• [WHAT TO PRODUCE]
The reply is to contain the full listing, repeated exactly, with pictures left out.

• [GIVEN DATA]

◆ ◆ ◆ ◆ ◆ ◆ ◆

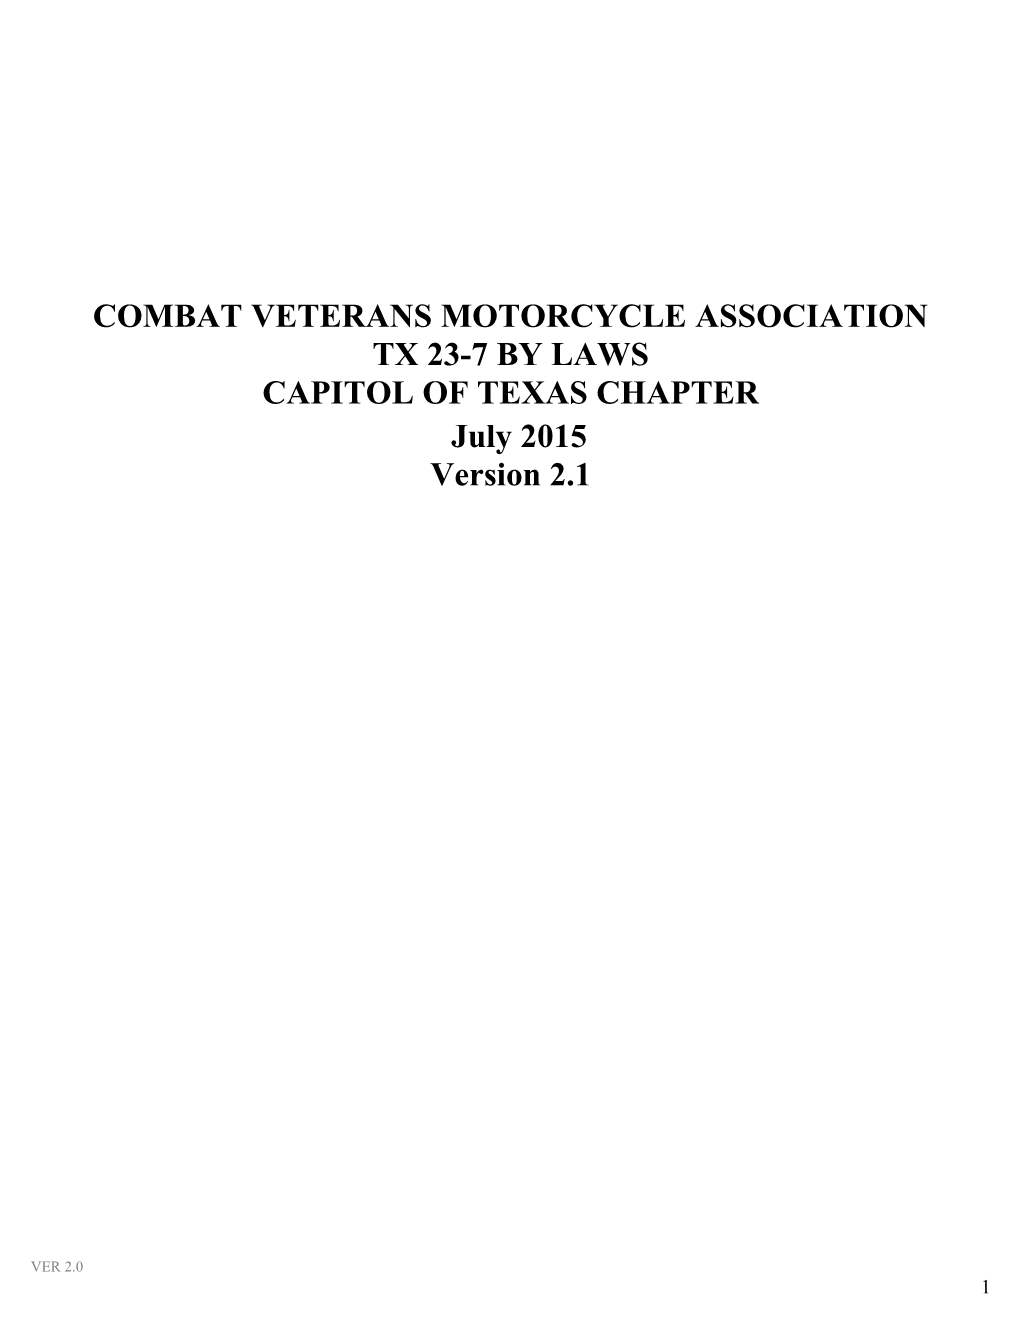 Combat Veterans Motorcycle Association s1
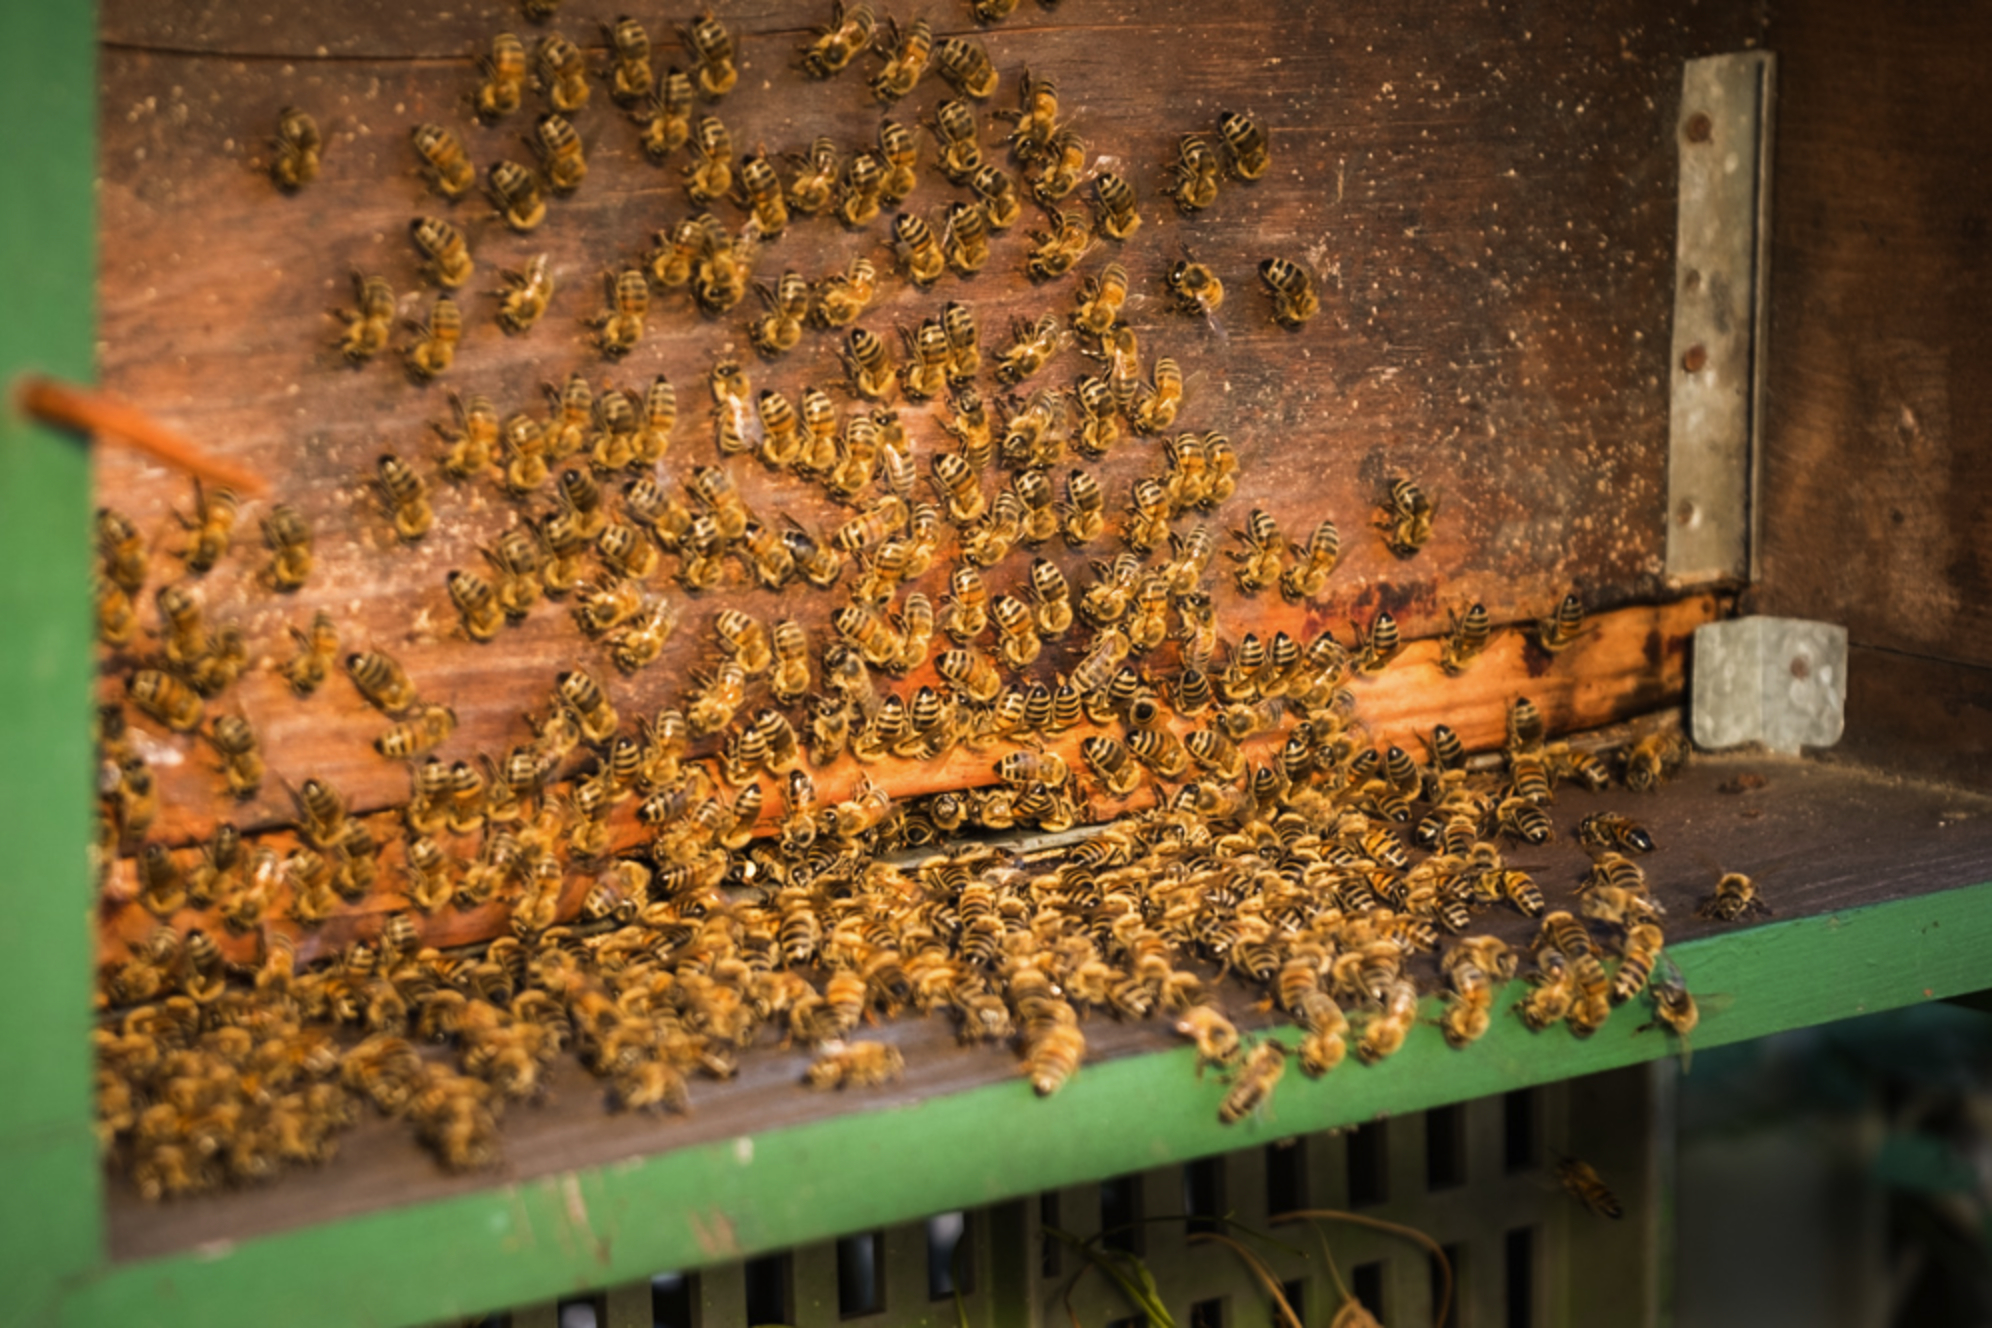 Näitä ahkeria keräilijöitä voi auttaa käyttämällä kasvinsuojeluaineita, jotka eivät vahingoita mehiläisiä.
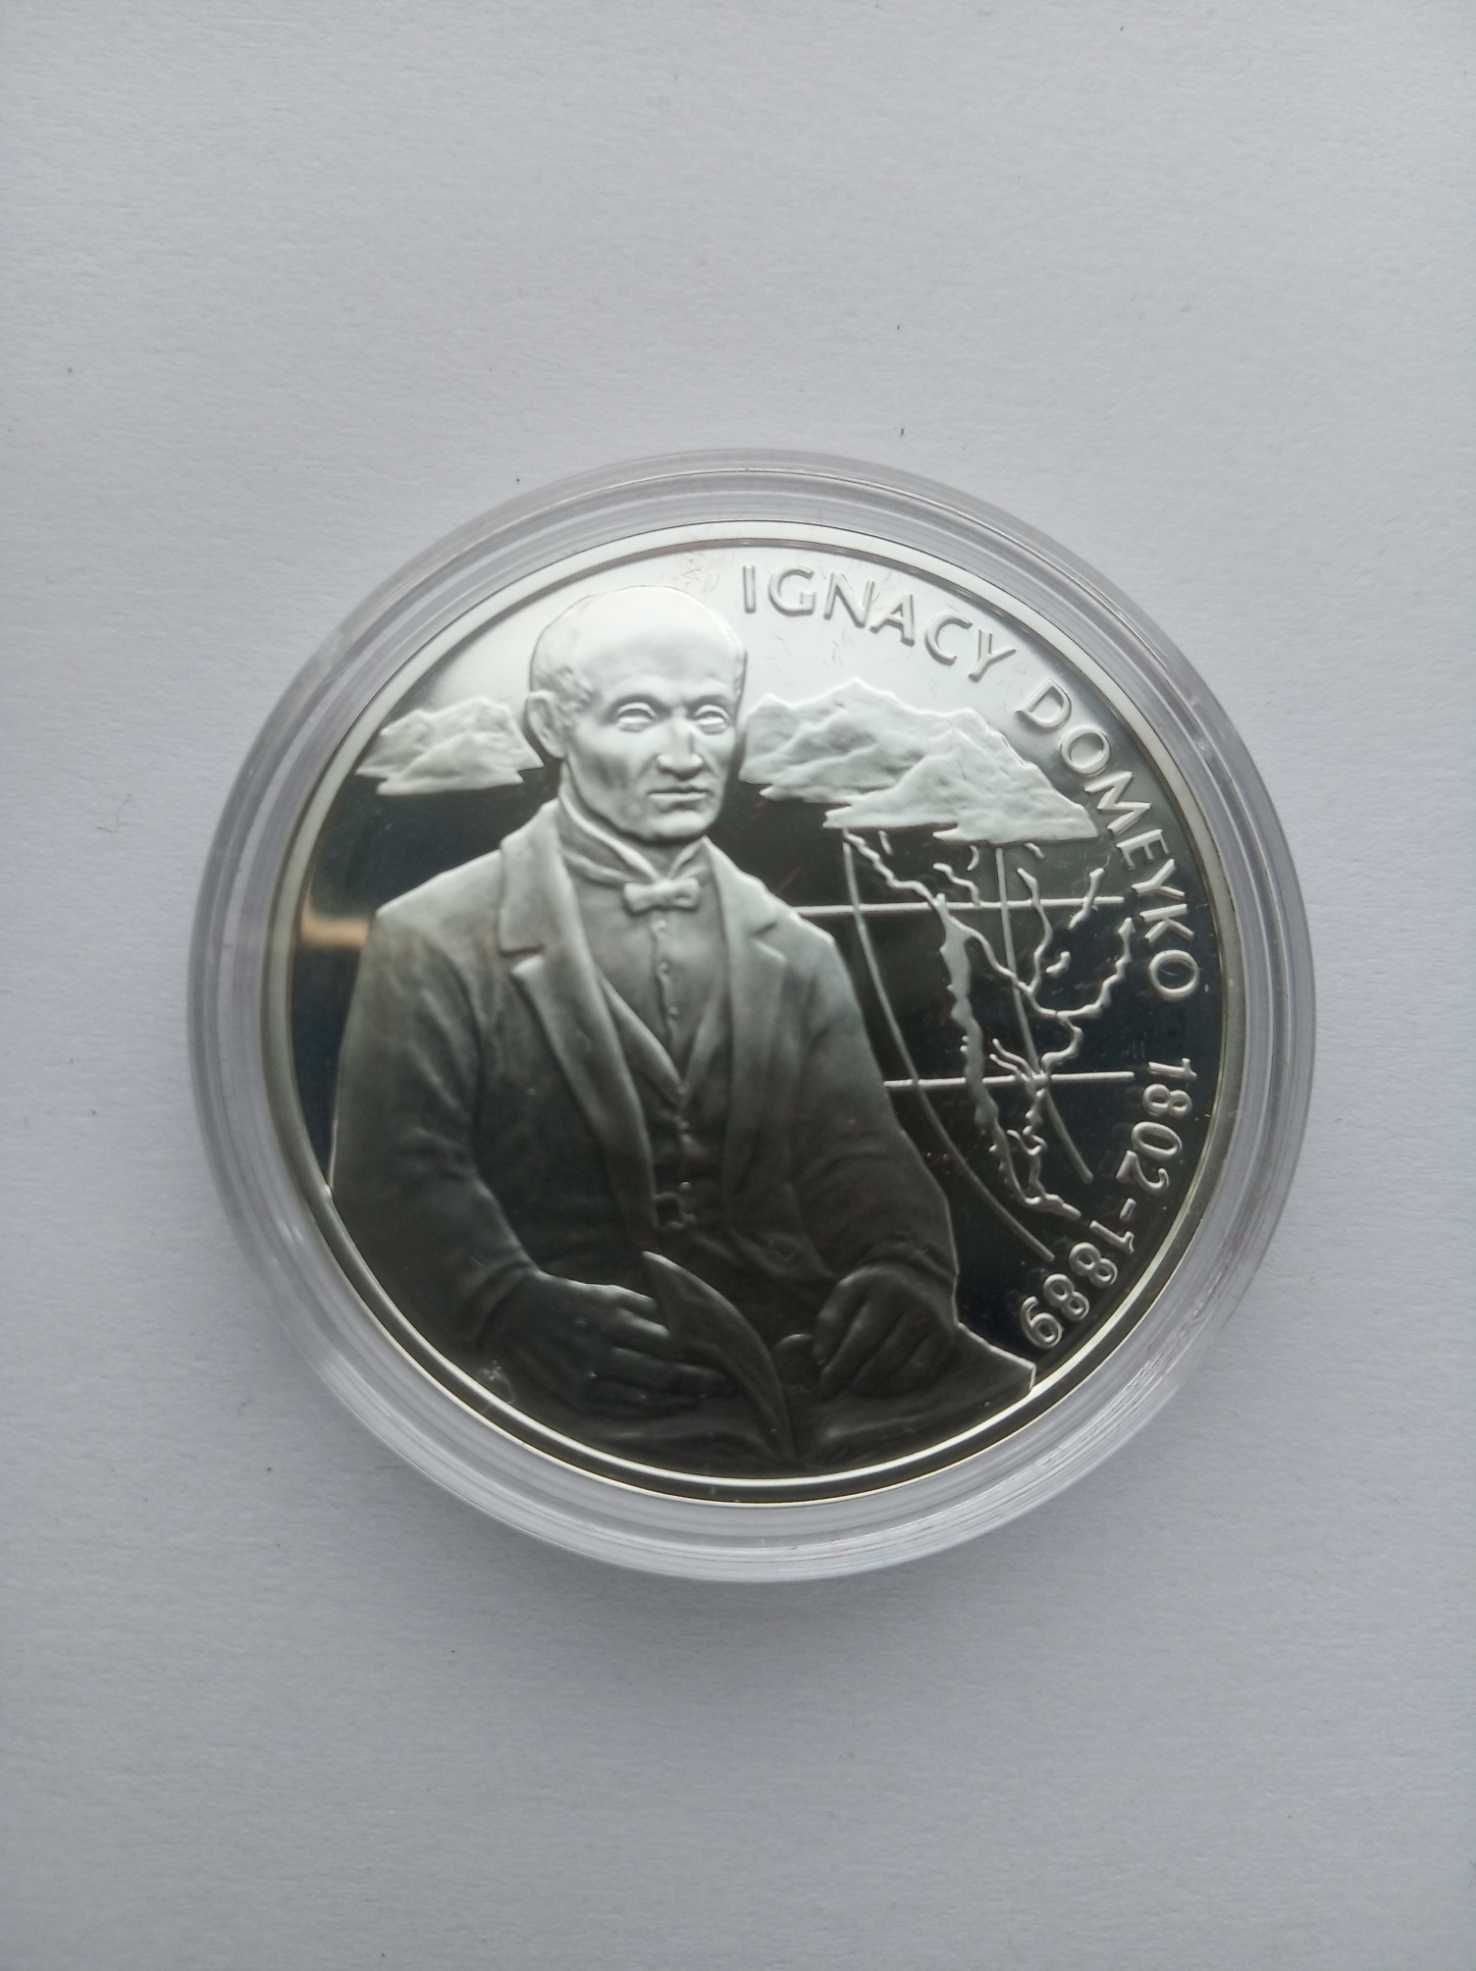 Moneta NBP 10 zł (srebro) Ignacy Domeyko
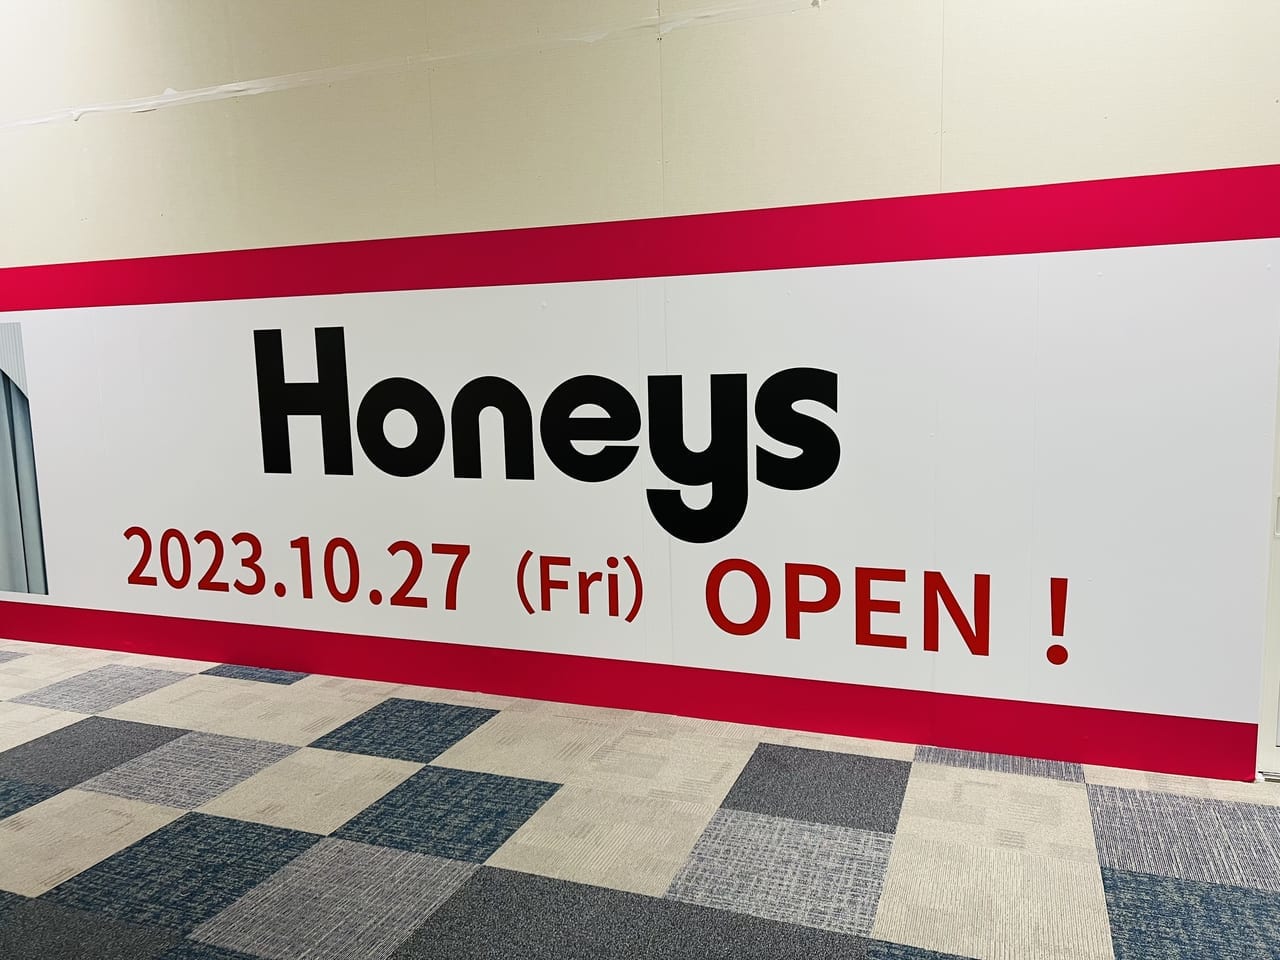 2023年10月27日オープン予定の「Honeys イオンモール高知店」の看板

◆ ◆ ◆ ◆ ◆ ◆ ◆

• [WRITTEN RESPONSE]
 Combat Veterans Motorcycle Association s1
 Näitä ahkeria keräilijöitä voi auttaa käyttämällä kasvinsuojeluaineita, jotka eivät vahingoita mehiläisiä.
 Moneta NBP 10 zł (srebro) Ignacy Domeyko
 2023年10月27日オープン予定の「Honeys イオンモール高知店」の看板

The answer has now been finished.